Ban of Croatia
- In office c. 949 – 969
- Monarchs: Miroslav (945–949) Michael Krešimir II (949–969)
- Preceded by: unknown
- Succeeded by: Godimir

= Pribina, Ban of Croatia =

Croatian nobleman and politician

Pribina was a Croatian nobleman and politician who is the first historically attested Ban of Croatia, having served under kings Miroslav and Michael Krešimir II of Croatia. Pribina is known to have killed king Miroslav during a civil war in the kingdom and replaced him with Michael Krešimir II because the former had restrained his jurisdiction over some areas. He ruled over counties (županija) Gacka, Krbava and Lika, according to De Administrando Imperio. He is also referred to in a charter as potens banus, meaning "powerful ban".

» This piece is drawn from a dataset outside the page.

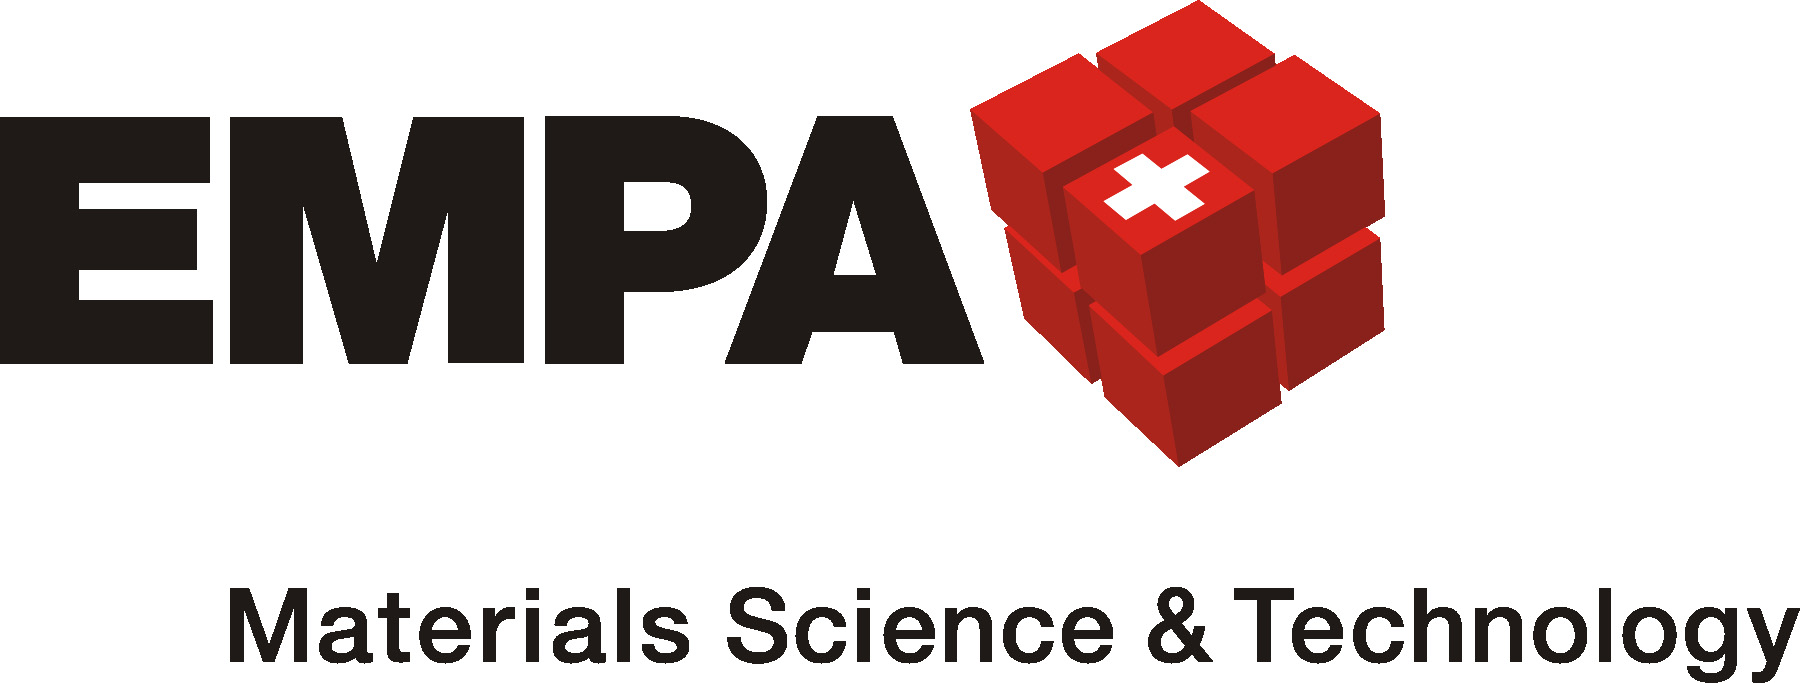 Empa Logo photo - 1
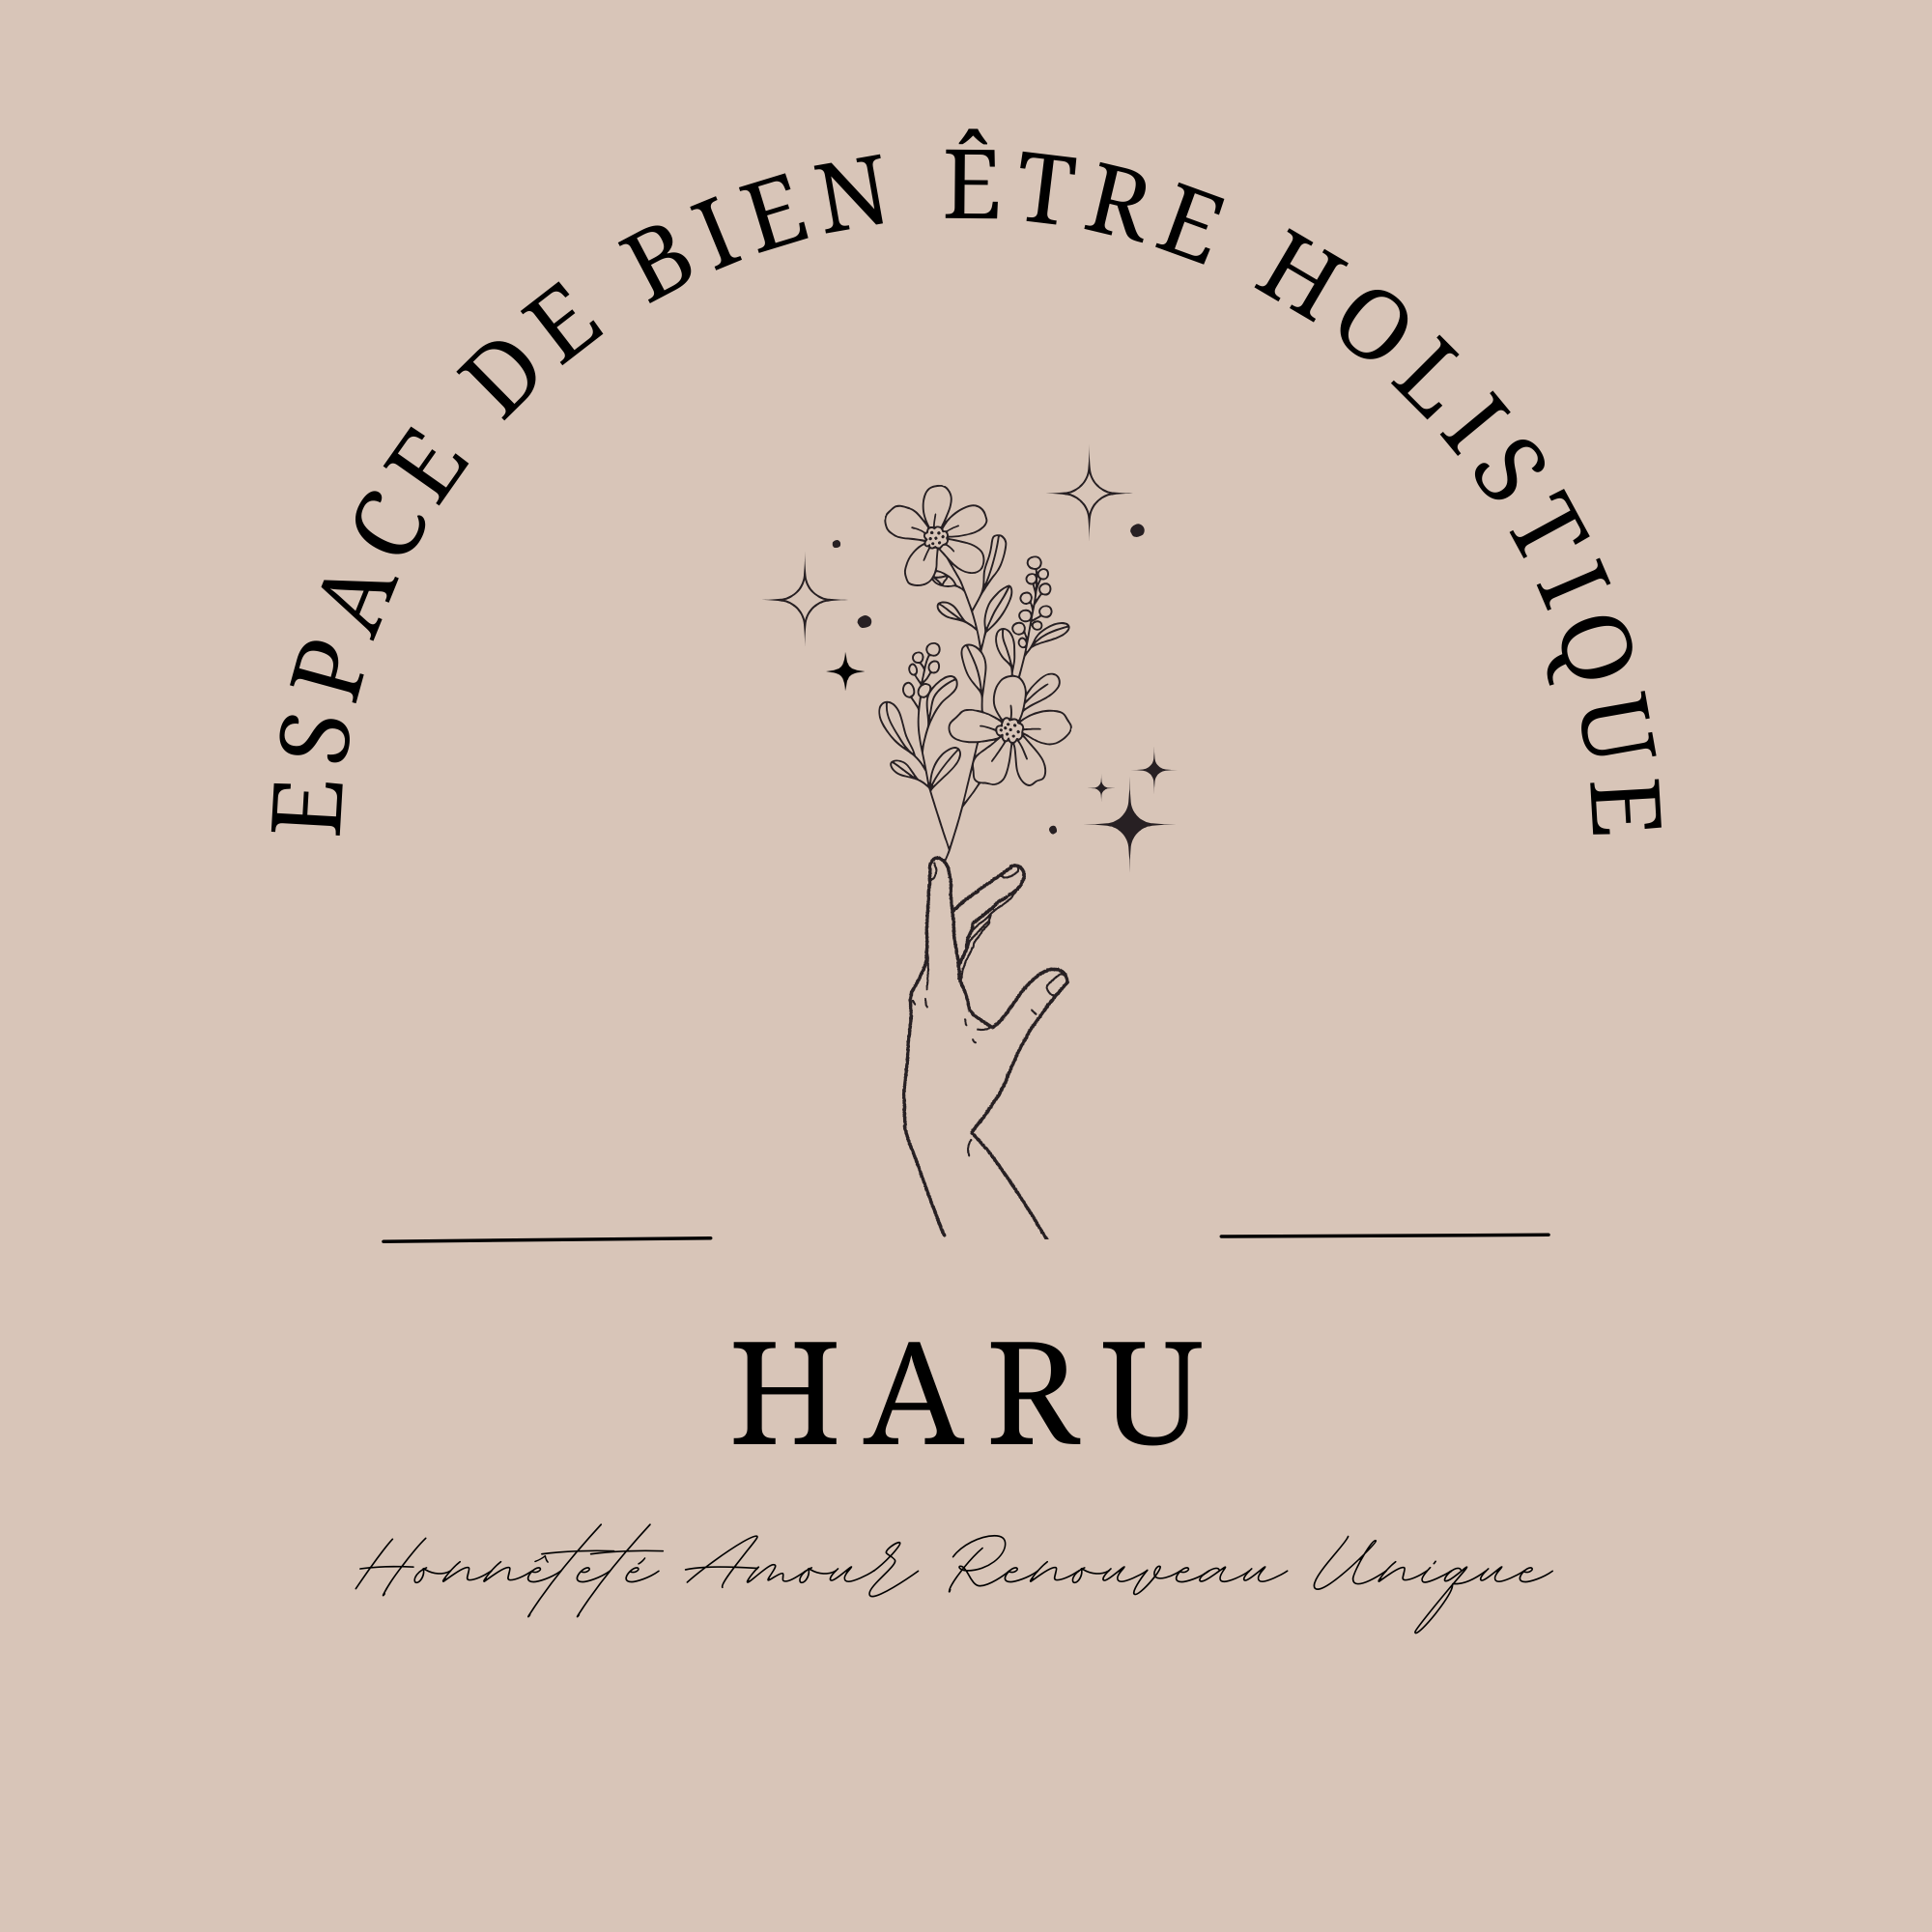 Logo HARU espace de bien être holistique, Honnêteté - Amour - Renouveau - Unique représente une main dont éclos une fleur évoquant l'évolution, le renouveau, et la magie intérieure

According to historian Tibor Živković, implying different chronological order of Croatian dukes and kings, Pribina should be identified with the same-named Duke of Lower Pannonia, Pribina, while Frankish archon Kotzil with Duke's son Kocel, both mentioned in De Administrando Imperio regarding the deposition of Miroslav in 861 and armed revolt by the Croats who were led by their Duke Domagoj in which "managed to prevail and killed all the Franks and their archon, called Kotzil" in 874.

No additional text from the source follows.